Dubai: The Philippine peso dropped to its lowest level in a year last week and faces continued pressure amid a spike in imports and oil prices, but the currency is likely to rebound as exports pick up.
Peso is facing rising pressures for increase in import driven demand for dollars. The currency sank 0.4 per cent on Friday against the dollar from the previous day to cap the week at P50.08.
Against the UAE dirham the unit traded at 13.68 on Friday, the lowest in a year offering favourable exchange rates for Filipino expatriates.
The peso’s weakness against the dirham is the result of the UAE currency is peg against the dollar.
The peso opened on Friday at P50.1 a dollar before falling to an intra-day low of P50.17 against the greenback.
The Philippine currency has lost 4.2 per cent since the beginning of this year making it the worst performing Asia currency.
Higher imports following the easing of COVID-related curbs has sent the demand for dollar soaring. The widening trade gaps are likely to result in further weakness of the currency.
Additionally, rising crude oil prices, a major component of the country’s imports and strengthening of the dollar are also resulting in downward trajectory of the currency.
Rising commodity prices, especially oil is likely to push up domestic inflation that will be a major worry for the Bangko Sentral ng Pilipinas (BSP), the country's central bank in the months ahead.
The BSP is likely to face a monetary policy dilemma on whether to continue a loose monetary policy to support the pandemic-impacted local economy or target the rising inflationary threat. A weakening peso is also likely to inflate the foreign debts of the government and exacerbate the currency weakness, that could force the central bank to act.
The silver lining in the peso’s weakness is that it is likely to boost remittances of Filipino expatriates as they take advantage of the favaourable exchange rates, adding to the forex reserves of the country.
Cash remittances from Filipinos working overseas was unaffected by the pandemic with the inflows totaling $29.9 billion last year. A marginal fall of 0.8 per cent year on year beat all forecasts including that of the Asian Development Bank, which had projected a fall of up to 20.2 per cent. The Philippine central bank initially projected a 5 per cent decline, before tempering it to a 2 per cent contraction.
The central bank data showed, in 2020, remittances from the US, which comprised nearly 40 per cent of the total, as well as from Singapore, Canada, Hong Kong, Qatar, South Korea and Taiwan grew while those from Saudi Arabia, Japan, the UK, UAE, Germany and Kuwait dropped, according to the central bank.
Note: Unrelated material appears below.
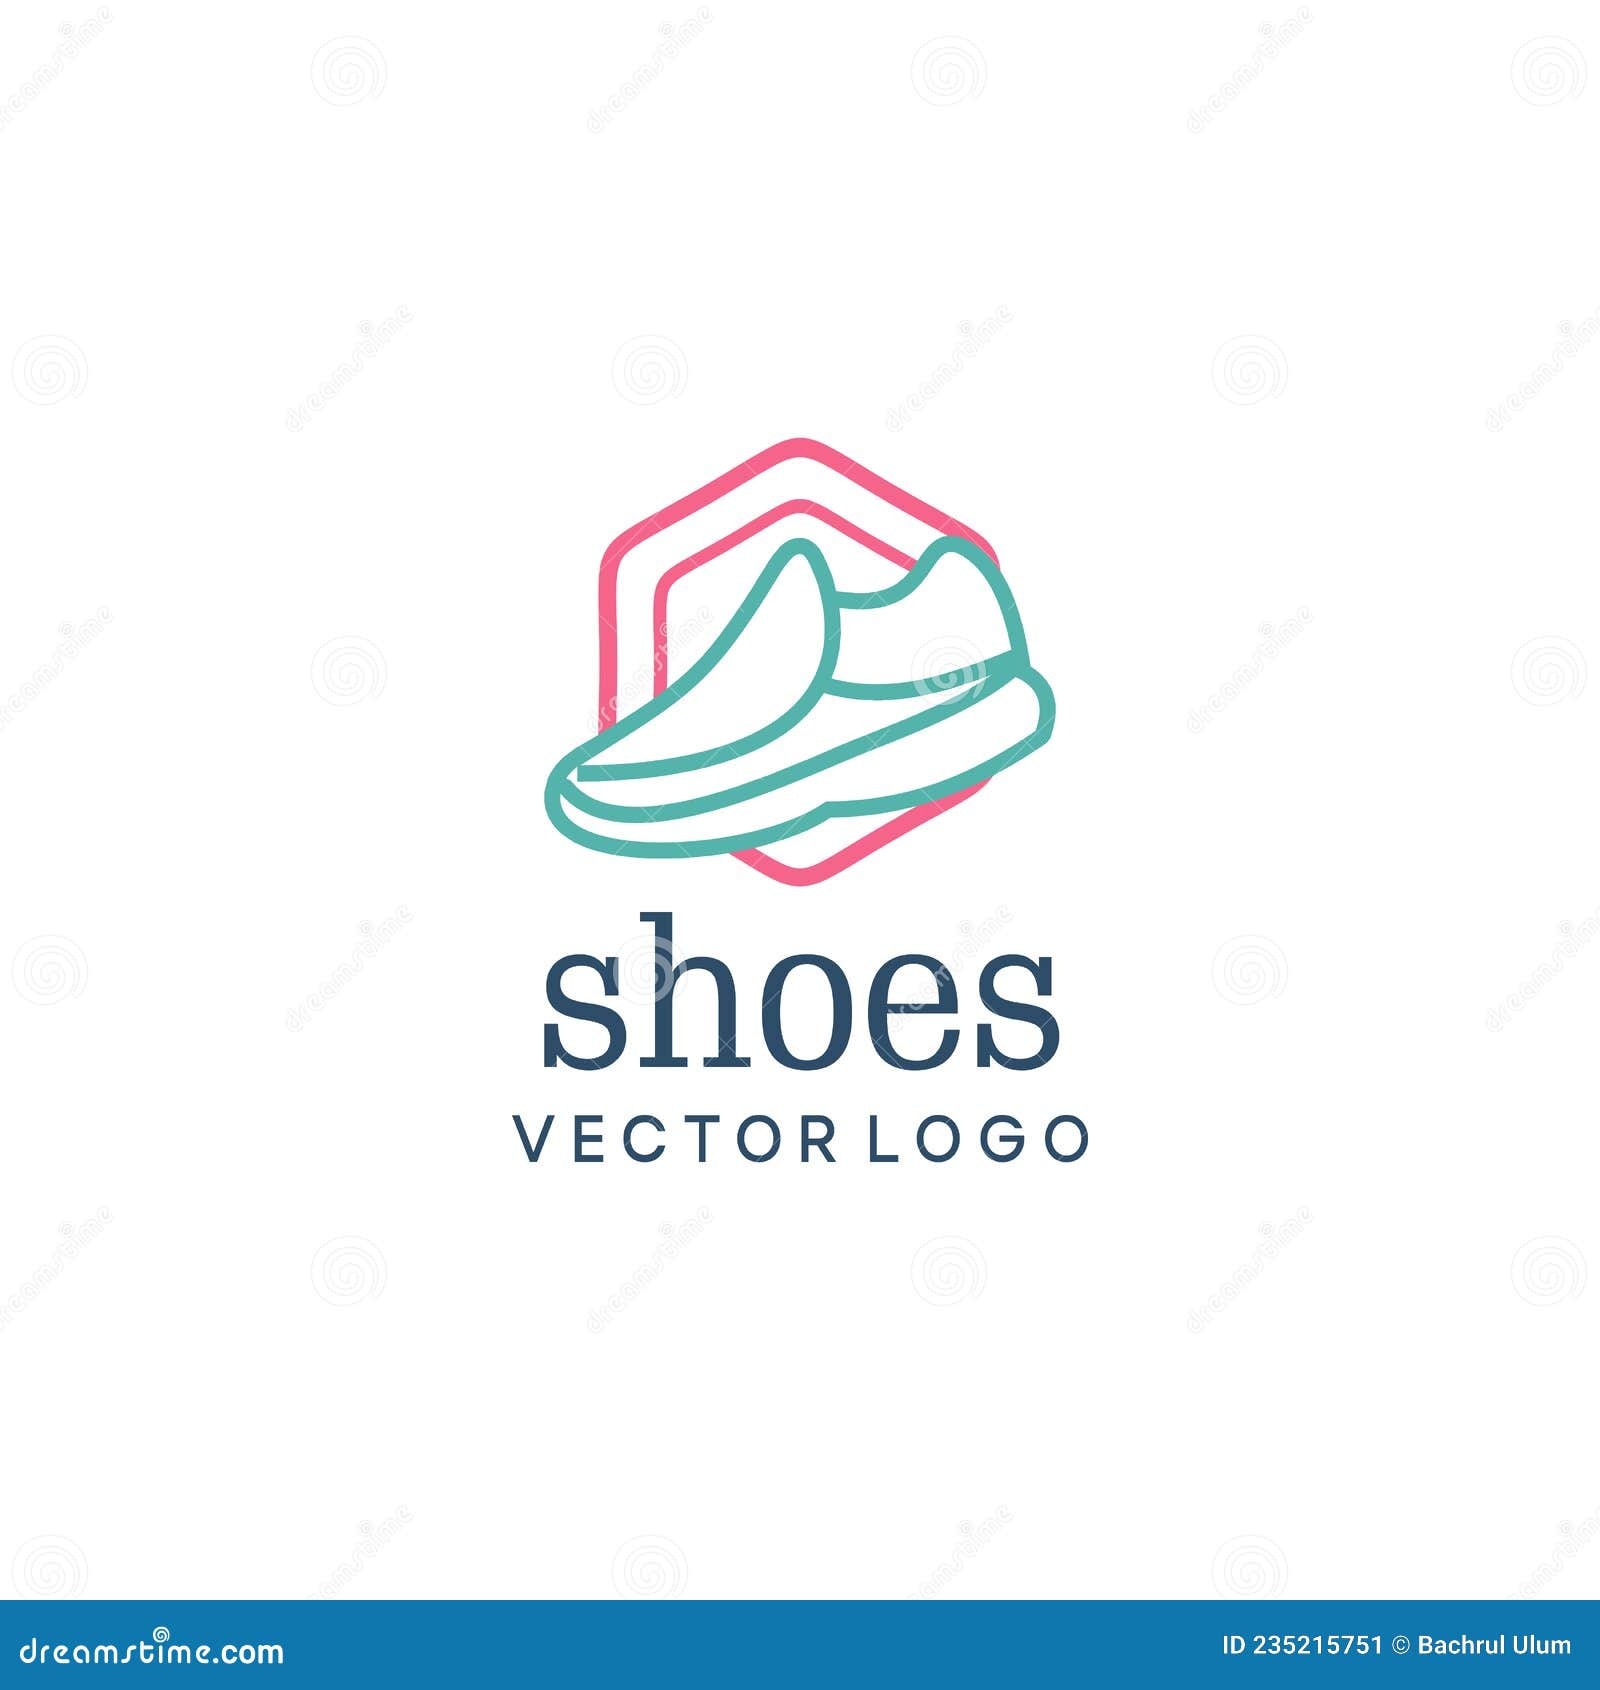 Illustration Vector Graphic of Shoes Logo. Shoe Icon. Pastel Color ...

The central bank expects that combined with the resilient remittances, dollar flows into the Philippines from overseas will post a bigger surplus this year than initially expected as exports start to recover.
BSP revised their latest estimated balance of payments (BOP) surplus for 2021 to $7.1 billion or 1.8 per cent of gross domestic product (GDP). This is higher than the full -year projection of $6.2 billion set by the Monetary Board last March, but substantially lower than the record high $16-billion BOP surplus for the whole of last year, when the economic slump crimped imports and investments.